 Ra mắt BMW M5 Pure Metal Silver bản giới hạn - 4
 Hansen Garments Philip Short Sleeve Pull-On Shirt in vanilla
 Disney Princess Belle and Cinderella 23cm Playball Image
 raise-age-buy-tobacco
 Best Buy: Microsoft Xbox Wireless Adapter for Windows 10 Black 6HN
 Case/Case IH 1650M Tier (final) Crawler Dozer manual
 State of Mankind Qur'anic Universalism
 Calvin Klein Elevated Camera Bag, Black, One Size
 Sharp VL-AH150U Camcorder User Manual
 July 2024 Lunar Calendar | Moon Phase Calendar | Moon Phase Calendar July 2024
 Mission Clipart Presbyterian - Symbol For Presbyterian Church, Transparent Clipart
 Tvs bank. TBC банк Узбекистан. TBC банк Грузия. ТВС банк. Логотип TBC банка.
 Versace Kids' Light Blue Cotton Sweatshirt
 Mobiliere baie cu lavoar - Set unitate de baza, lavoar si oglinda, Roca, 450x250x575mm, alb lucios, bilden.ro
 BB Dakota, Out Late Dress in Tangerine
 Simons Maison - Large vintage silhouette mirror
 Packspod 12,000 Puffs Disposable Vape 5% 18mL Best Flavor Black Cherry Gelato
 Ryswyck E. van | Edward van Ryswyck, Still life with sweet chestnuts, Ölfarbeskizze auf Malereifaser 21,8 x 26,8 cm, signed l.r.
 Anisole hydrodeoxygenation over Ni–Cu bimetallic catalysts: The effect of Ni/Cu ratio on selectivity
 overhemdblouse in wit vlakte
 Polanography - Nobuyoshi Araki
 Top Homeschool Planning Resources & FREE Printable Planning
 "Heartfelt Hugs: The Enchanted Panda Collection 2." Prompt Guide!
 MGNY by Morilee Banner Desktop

● ● ●

PROBLEM DESCRIPTION: Each line from the start of the records through the line holding "State of Mankind Qur'anic Universalism" must be returned exactly; nothing else belongs in the answer.

SOLUTION BELOW:
 Ra mắt BMW M5 Pure Metal Silver bản giới hạn - 4
 Hansen Garments Philip Short Sleeve Pull-On Shirt in vanilla
 Disney Princess Belle and Cinderella 23cm Playball Image
 raise-age-buy-tobacco
 Best Buy: Microsoft Xbox Wireless Adapter for Windows 10 Black 6HN
 Case/Case IH 1650M Tier (final) Crawler Dozer manual
 State of Mankind Qur'anic Universalism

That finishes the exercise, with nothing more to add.